**Dataset entries:**
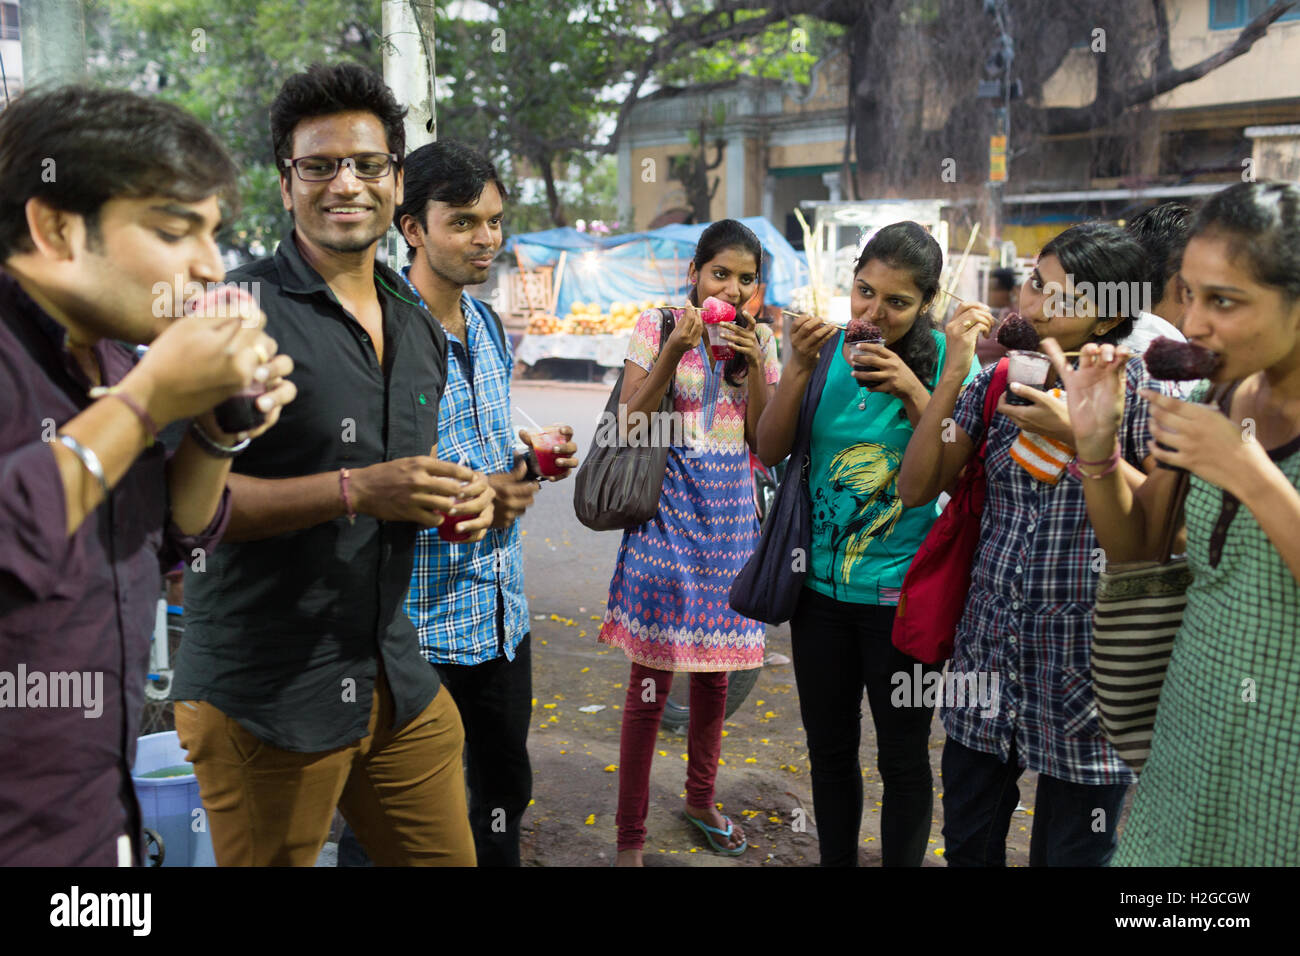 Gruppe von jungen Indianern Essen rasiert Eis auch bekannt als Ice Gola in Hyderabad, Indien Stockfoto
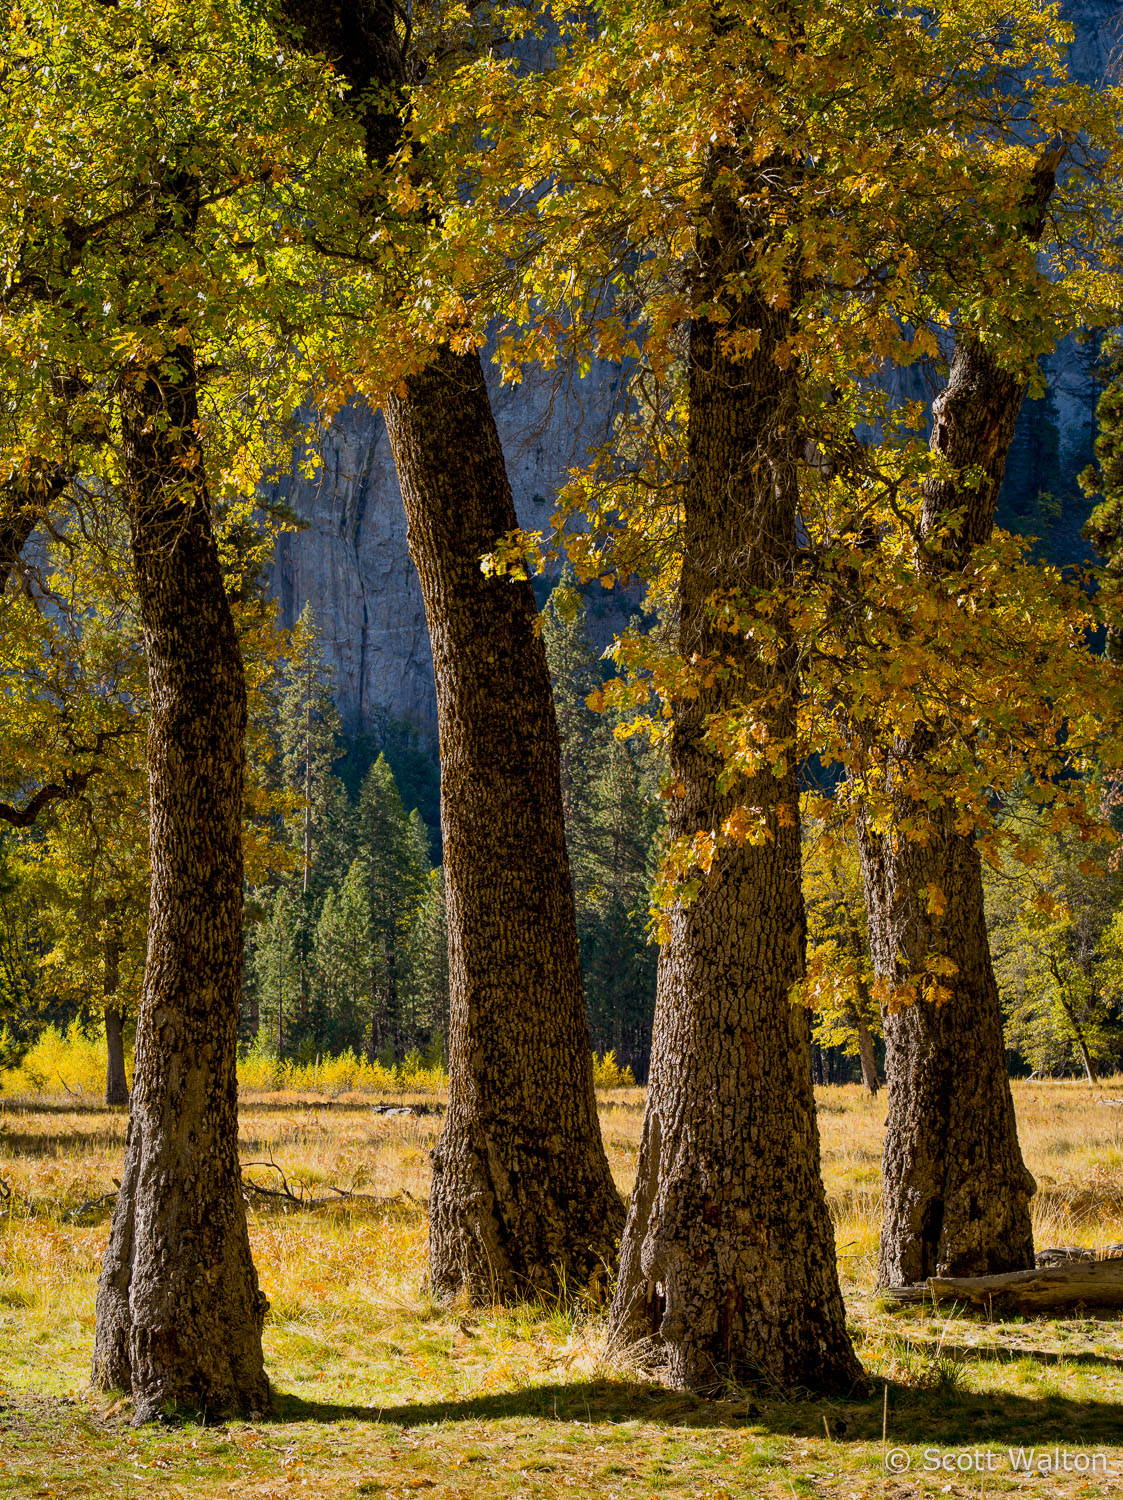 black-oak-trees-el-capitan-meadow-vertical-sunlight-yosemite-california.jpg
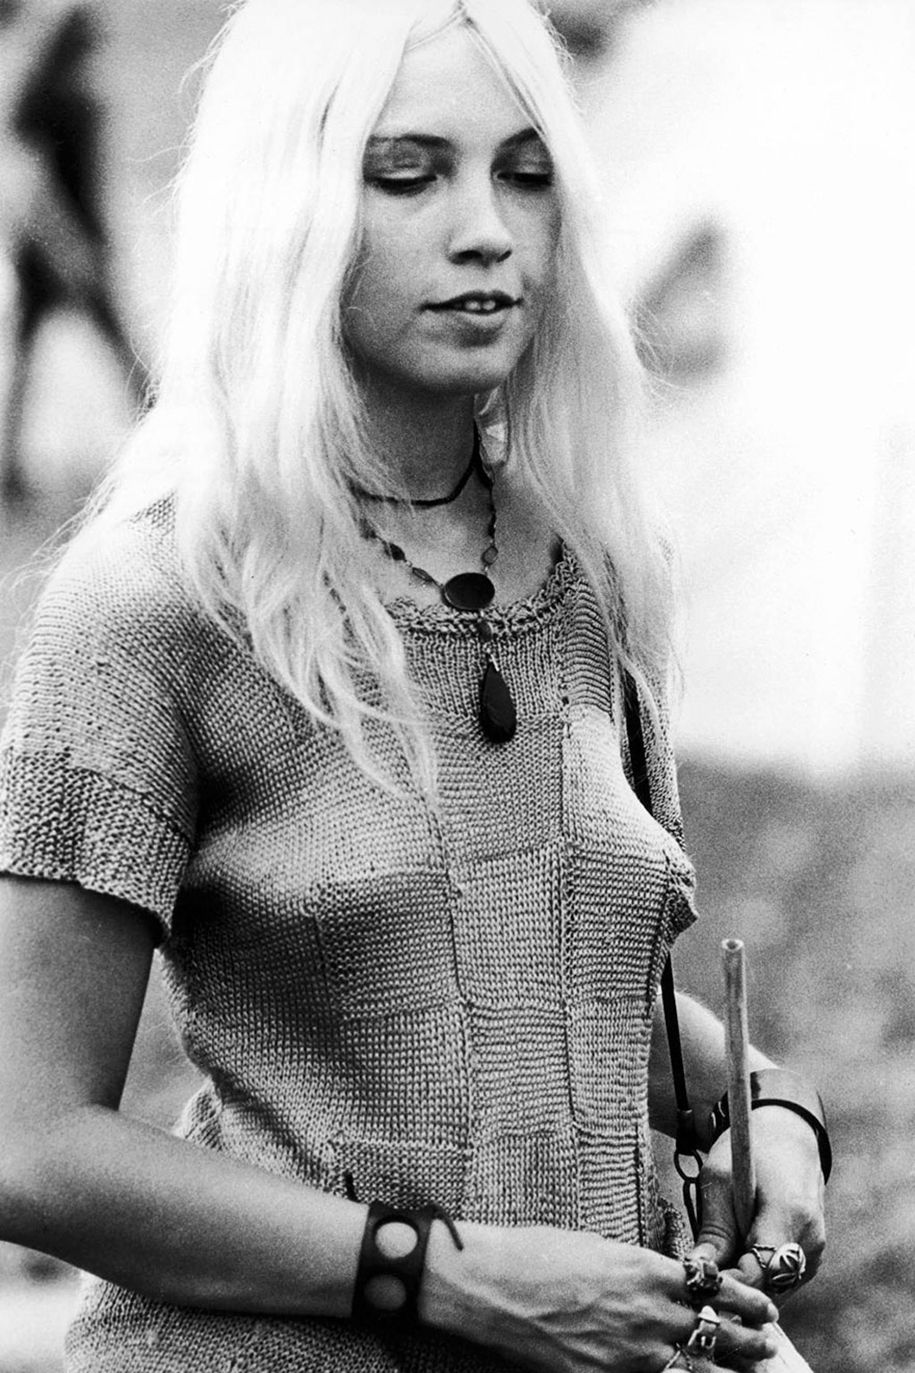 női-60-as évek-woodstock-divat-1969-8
* * *
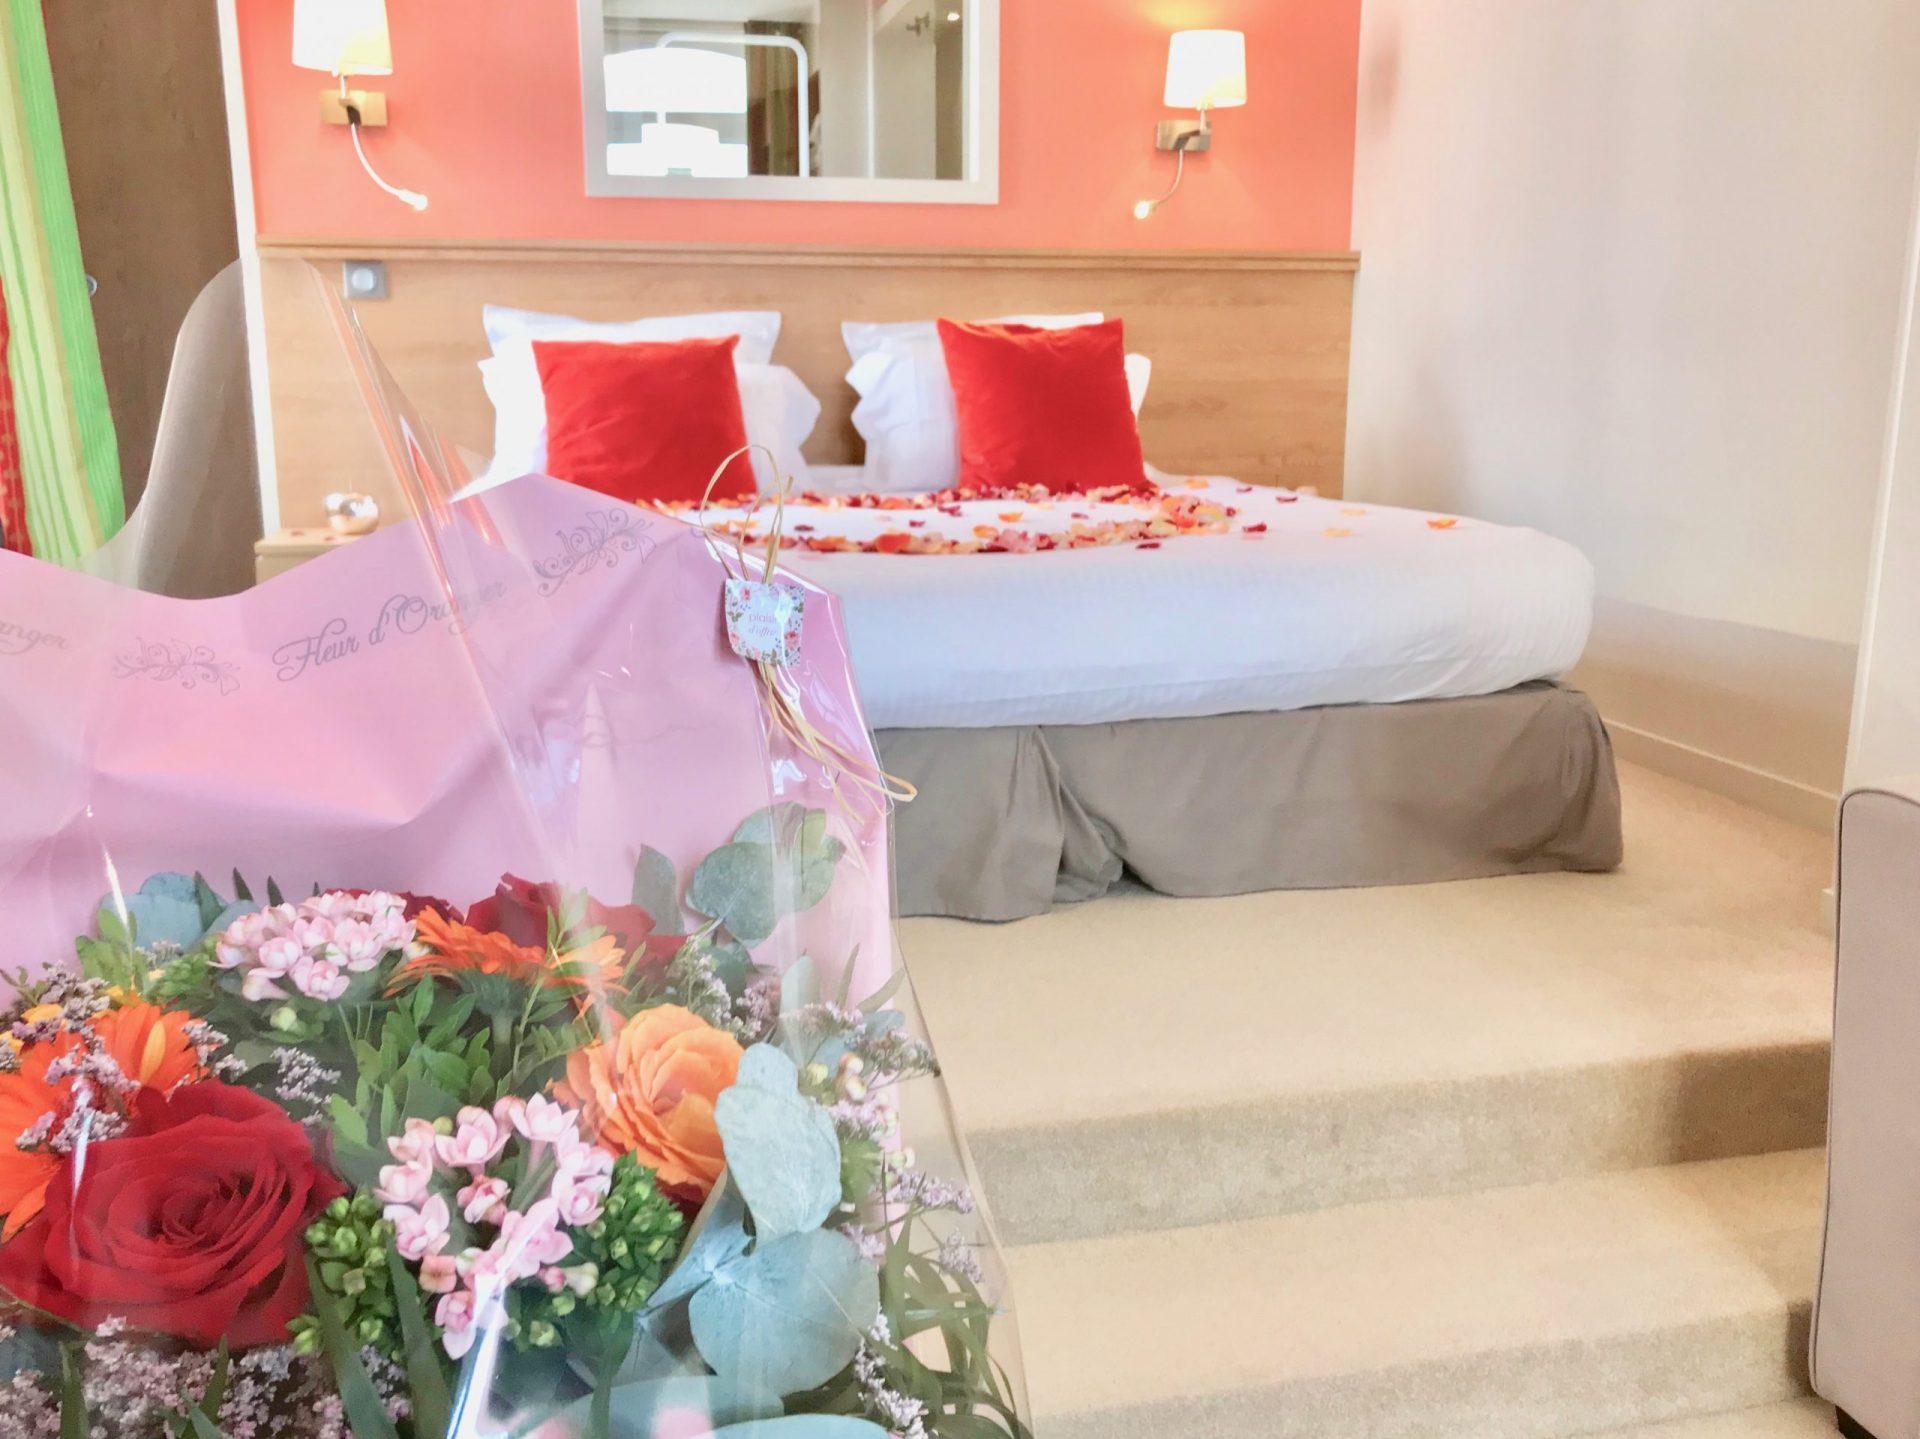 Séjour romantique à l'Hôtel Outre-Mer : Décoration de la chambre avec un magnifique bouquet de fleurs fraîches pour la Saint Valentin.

**What to work on:** In the listing above, find the line containing "Gruppe von jungen" and the line containing "női-60-as évek-woodstock-divat-1969-8". Print those two lines and every line between them exactly, with no pictures.

**Answer to this task:**
 Gruppe von jungen Indianern Essen rasiert Eis auch bekannt als Ice Gola in Hyderabad, Indien Stockfoto
 black-oak-trees-el-capitan-meadow-vertical-sunlight-yosemite-california.jpg
 női-60-as évek-woodstock-divat-1969-8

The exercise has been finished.